While not all bridges are as celebrated as the Millau Viaduct or as commercially developed as Pont de Normandie, many are certainly exploited commercially at various scales. For example, the Øresund Bridge between Denmark and Sweden (2000) has had a TV crime drama (The Bridge) based around it, and it is used in marketing in Scandinavia. It has also received the ultimate accolade in that part of the world: its image was employed to symbolize the connection between Sweden and the rest of Europe in the Eurovision Song Contest in 2013, thereby reaching an audience of many millions. It also won an IABSE Outstanding Structure Award in 2002 and was mobilized in the campaign against independence for Scotland as a curious exemplar of the benefits of international connections.

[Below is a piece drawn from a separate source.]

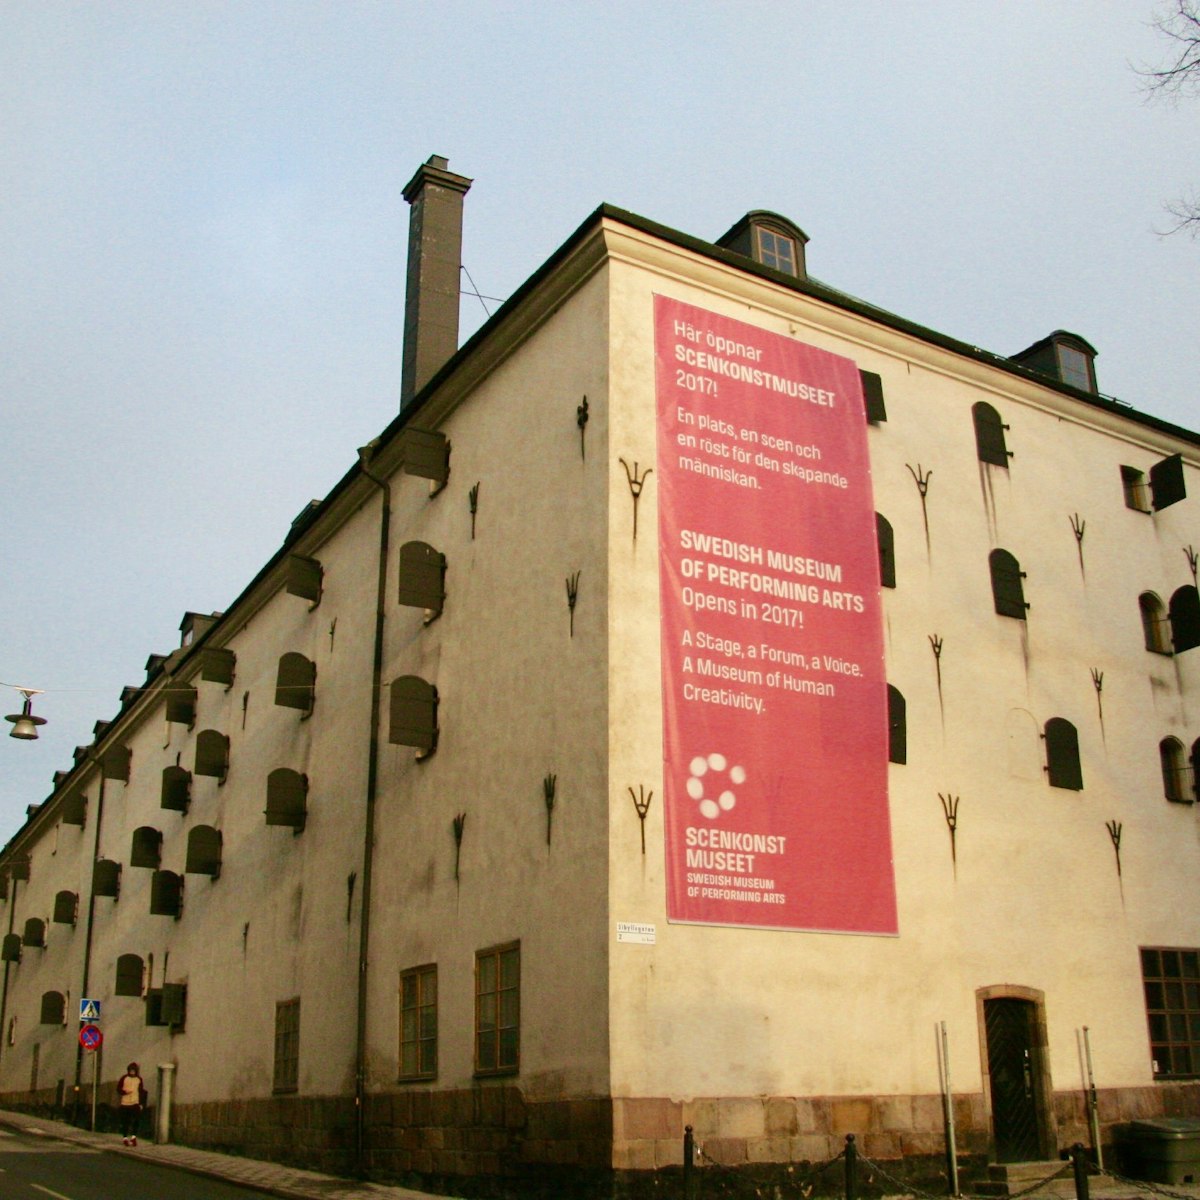 Swedish Museum of Performing Arts (Scenkonstmuseet)

The rest of the book adds to this analysis (iconic buildings and structures are defined in terms of acknowledged aesthetic/symbolic significance and famous at the global, national or the urban/local level. I distinguish between the unique iconic architecture of the starchitects and signature architects (genuine works of art) and what I label the typical architectural icons (those buildings that copy elements of unique icons) that we can see in cities all over the world. The book has a global scope, with case studies of iconic architecture and urban megaprojects from the prosperous West and the Arabian Gulf to the so-called developing East and South (notably China). There are few cities anywhere in the world which do not now have unique iconic buildings and/or typical iconic buildings and, as I argue throughout the book, these phenomena cannot be properly understood without reference to the global culture-ideology of consumerism and the incessant growth imperative of capitalist globalization.
The concluding chapter argues that many architects today are not entirely happy with the consumerist-corporate agenda that appears to drive architecture all over the world and that they would be ready to provide a more sustainable built environment to meet the needs of alternative globalizations.